Holistic wellness - We’re excited about consumer health solutions that consider the whole person - mind, body, and soul. We’ve noticed an increasing interest in ayurveda and other eastern medicine practices.

Concierge solutions - The internet is great because it gives us a ton of choice, however at some point that choice can become overwhelming. We’re noticing an uptick in concierge-like solutions - for home, travel, and health.

Lightspeed has a summer fellowship for entrepreneurs. What makes Lightspeed’s program attractive? Why should an entrepreneur participate in the program?
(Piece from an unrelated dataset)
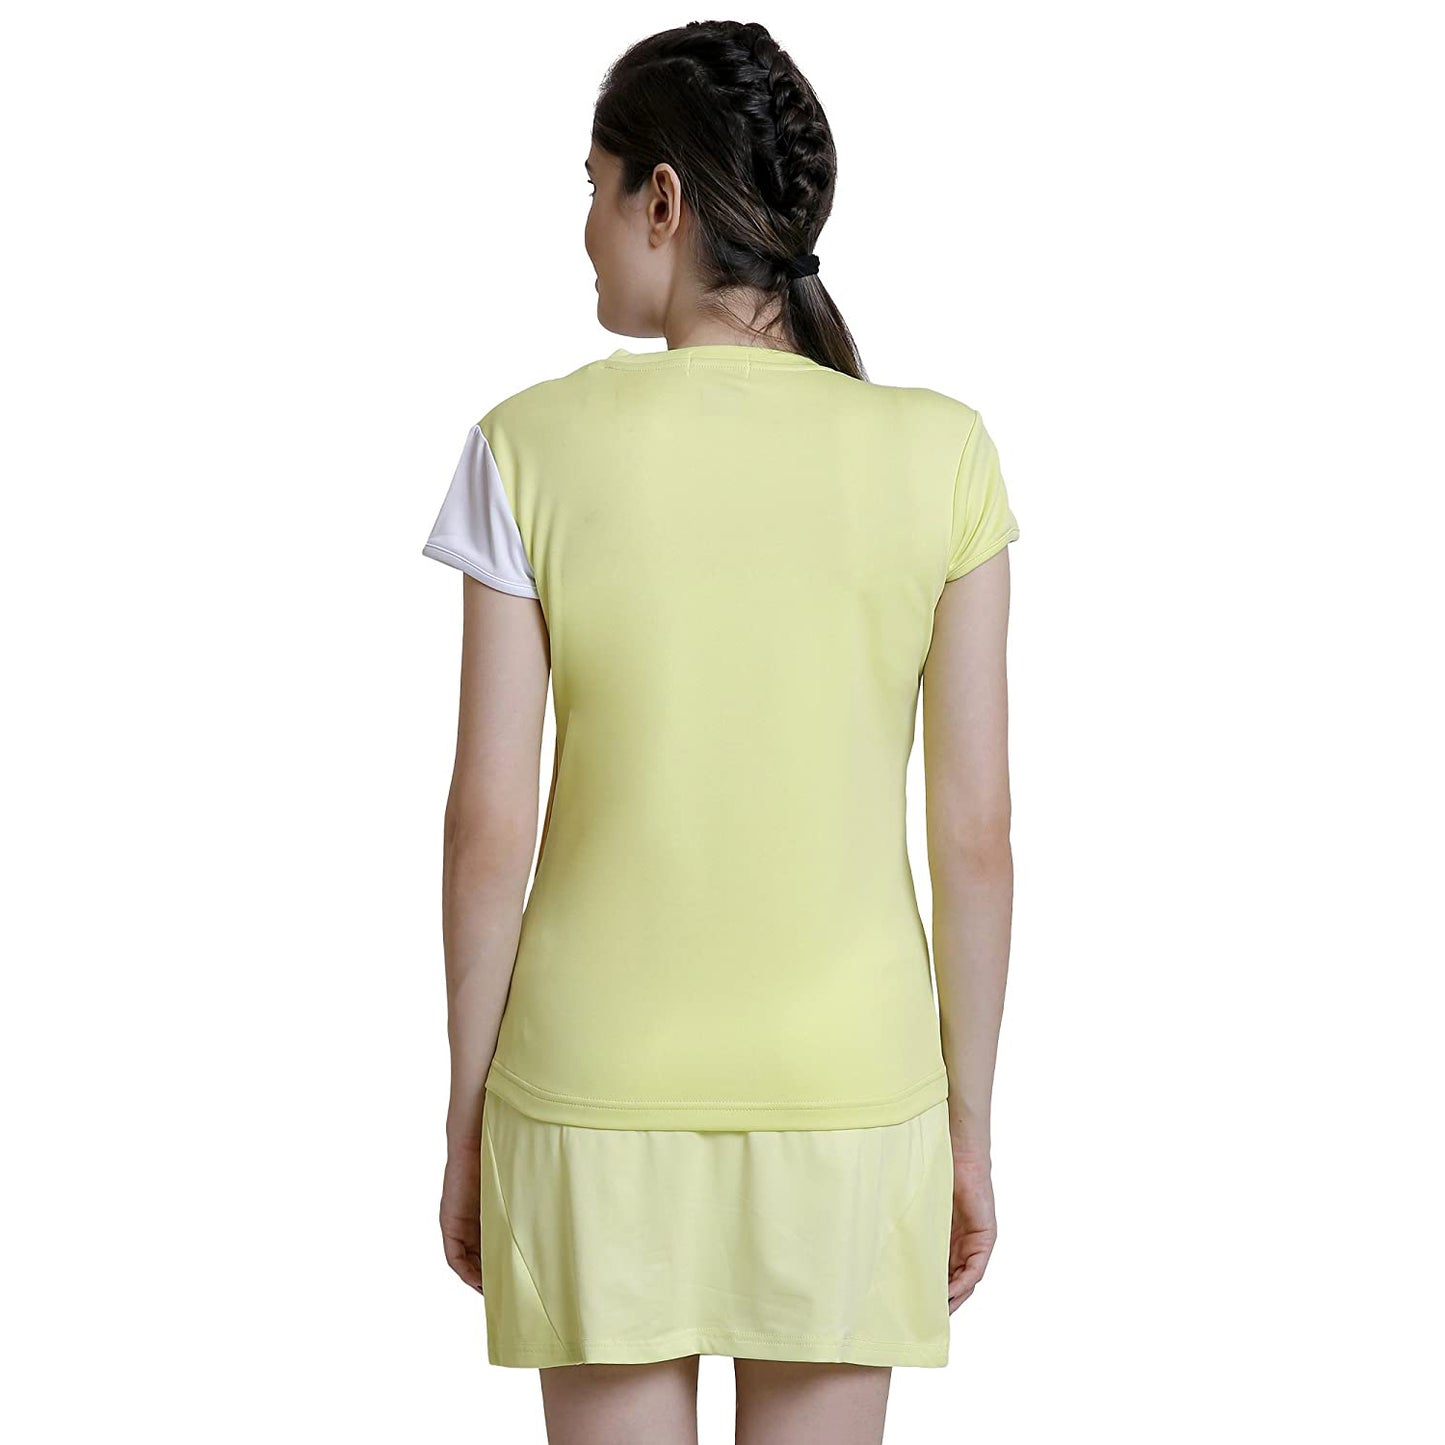 Yonex 856 Round Neck T Shirt for Women, Bright Lime - Best Price online Prokicksports.com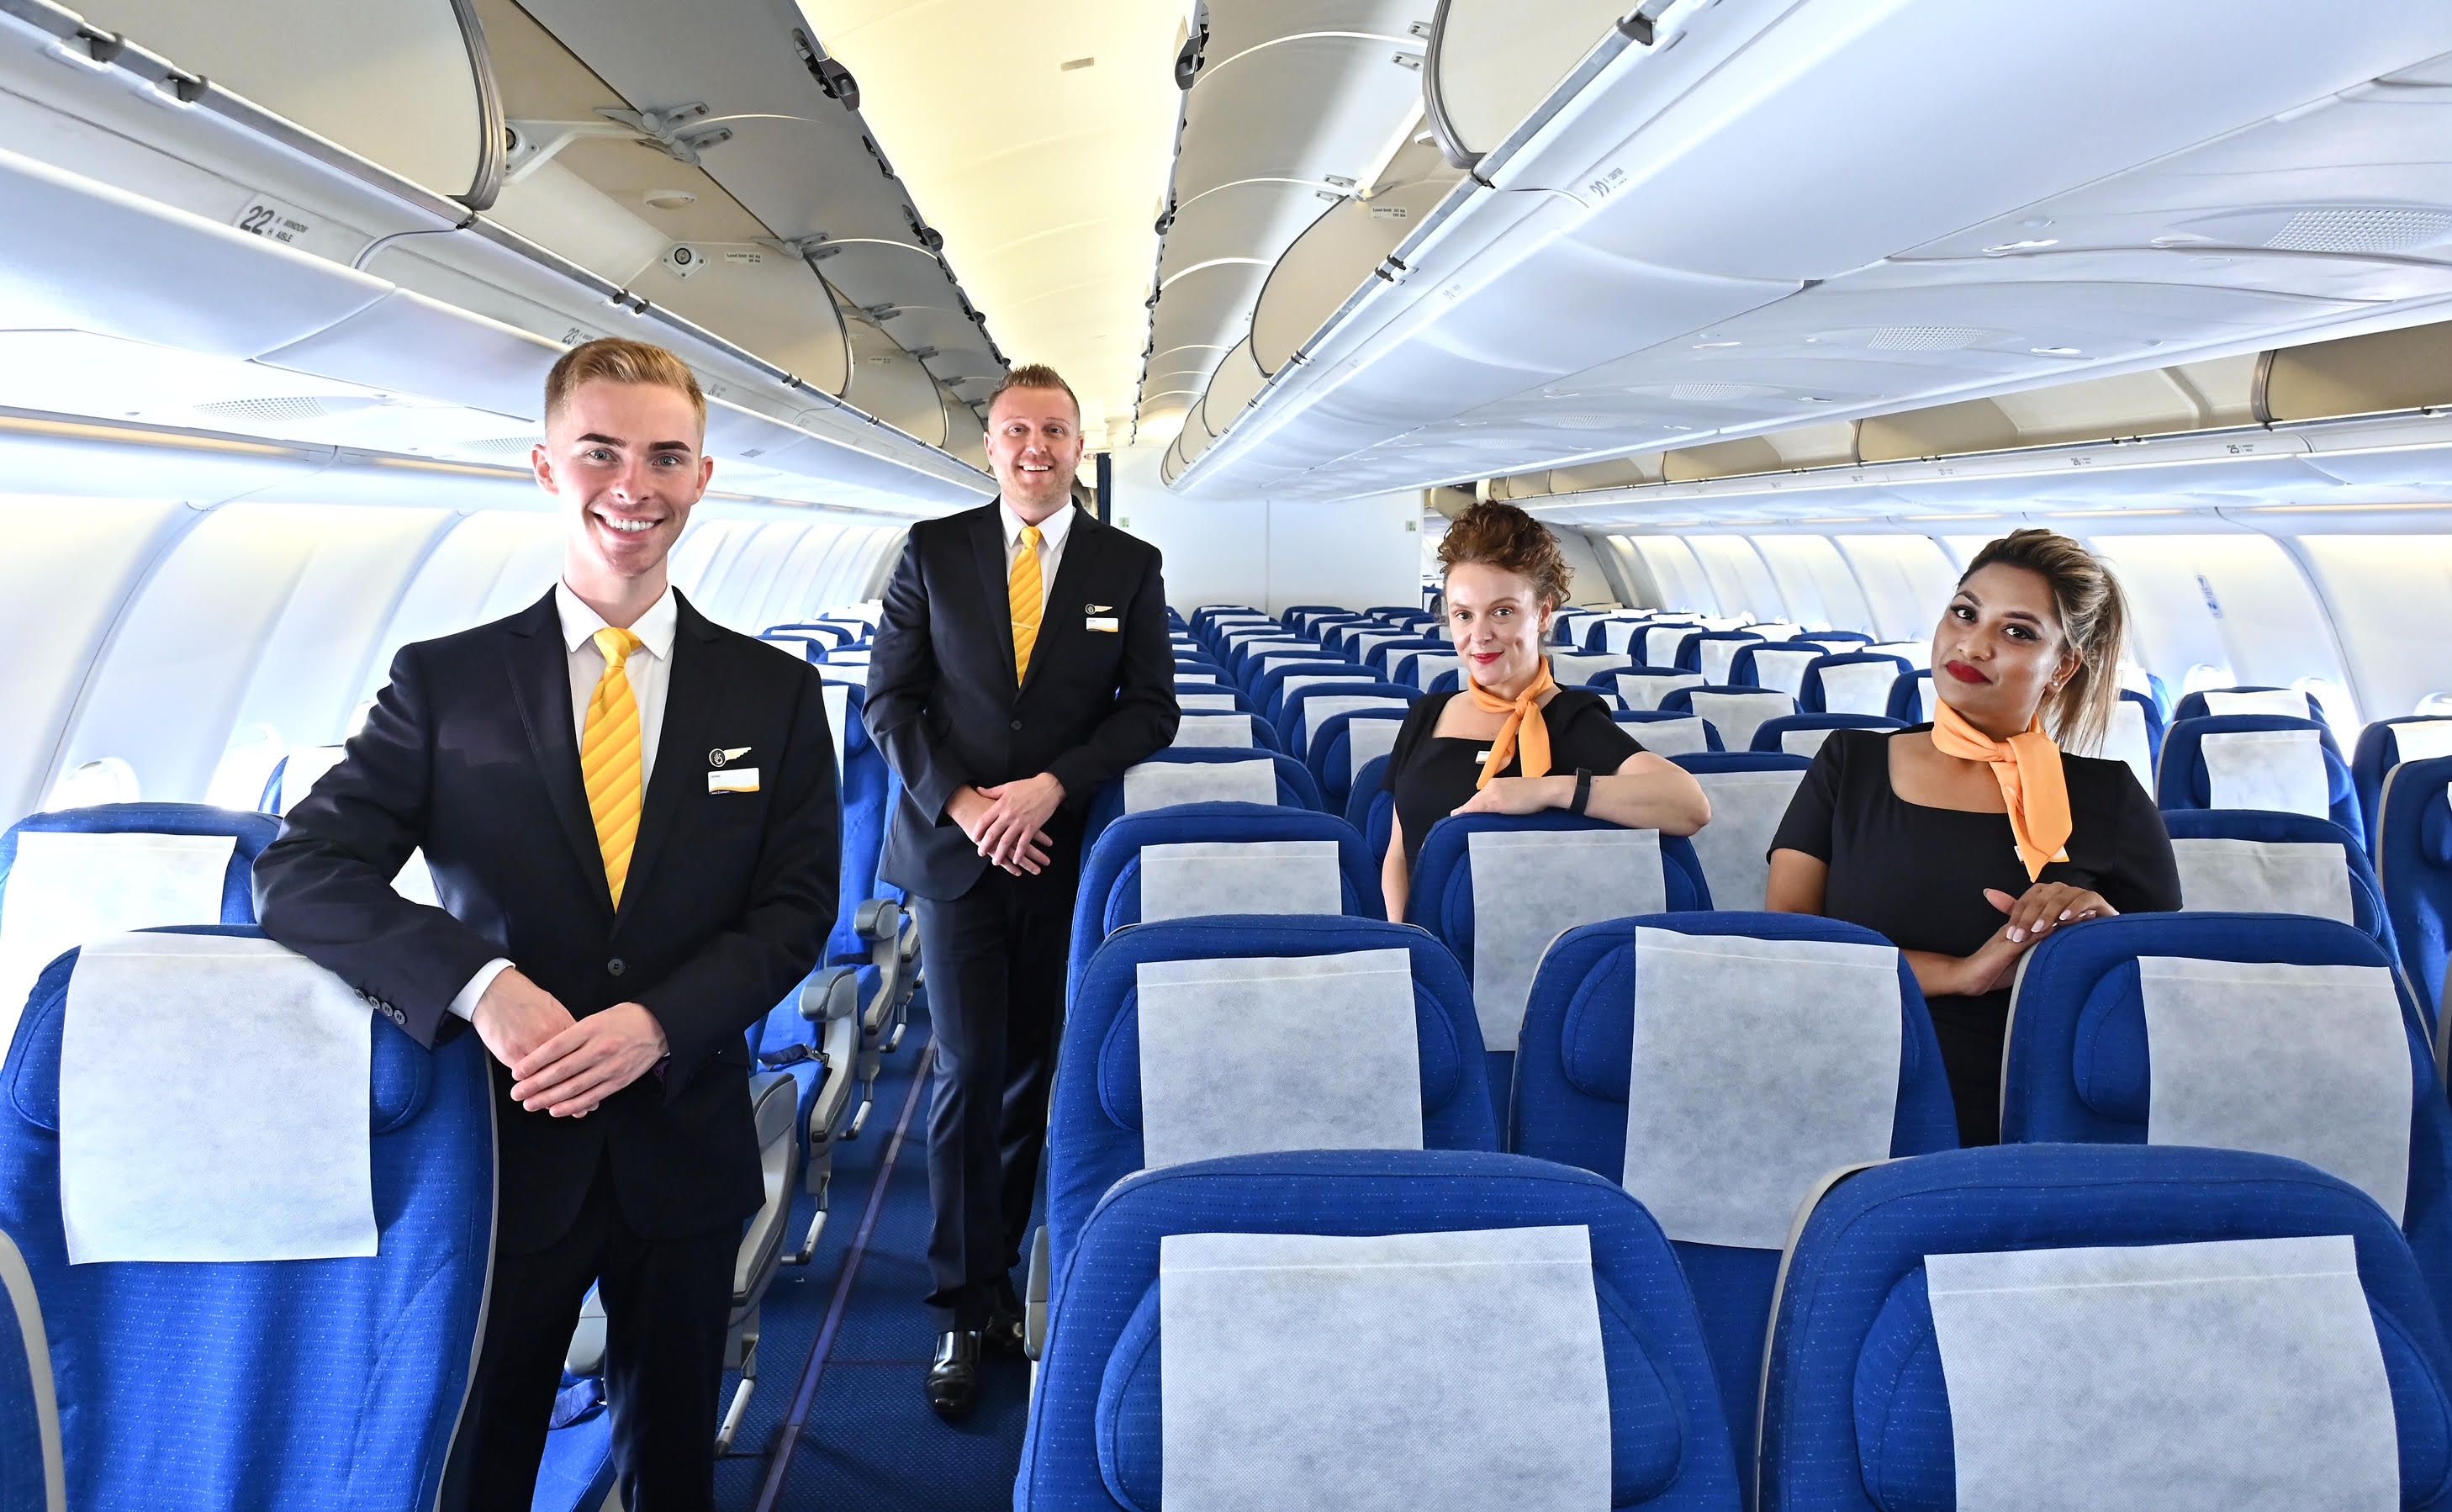 Hans Airways cabin crew recruitment

The Lightspeed summer program provides entrepreneurs with direct access to the Lightspeed partnership and a close 1:1 mentor relationship with one partner that has relevant expertise in their particular industry. This coming summer will be my first time participating in the program. I’m excited to meet with my team on a weekly basis and also look forward to getting to know the other teams.

What advice would you give to a young woman interested in venture?

I’d recommend spending some time in an operating role before moving into venture. Before joining Lightspeed I worked for a few years at Thumbtack and also did short consulting stints at BetterUp and Fundbox. My operating background helps me better connect with founding teams and enables me to give advice based on my own experiences. I feel fortunate to have worked at Thumbtack at the time when the company was experiencing a big growth inflection. These years showed me the importance of being scrappy, prioritizing team culture, and continuing to move forward in the face of ambiguity.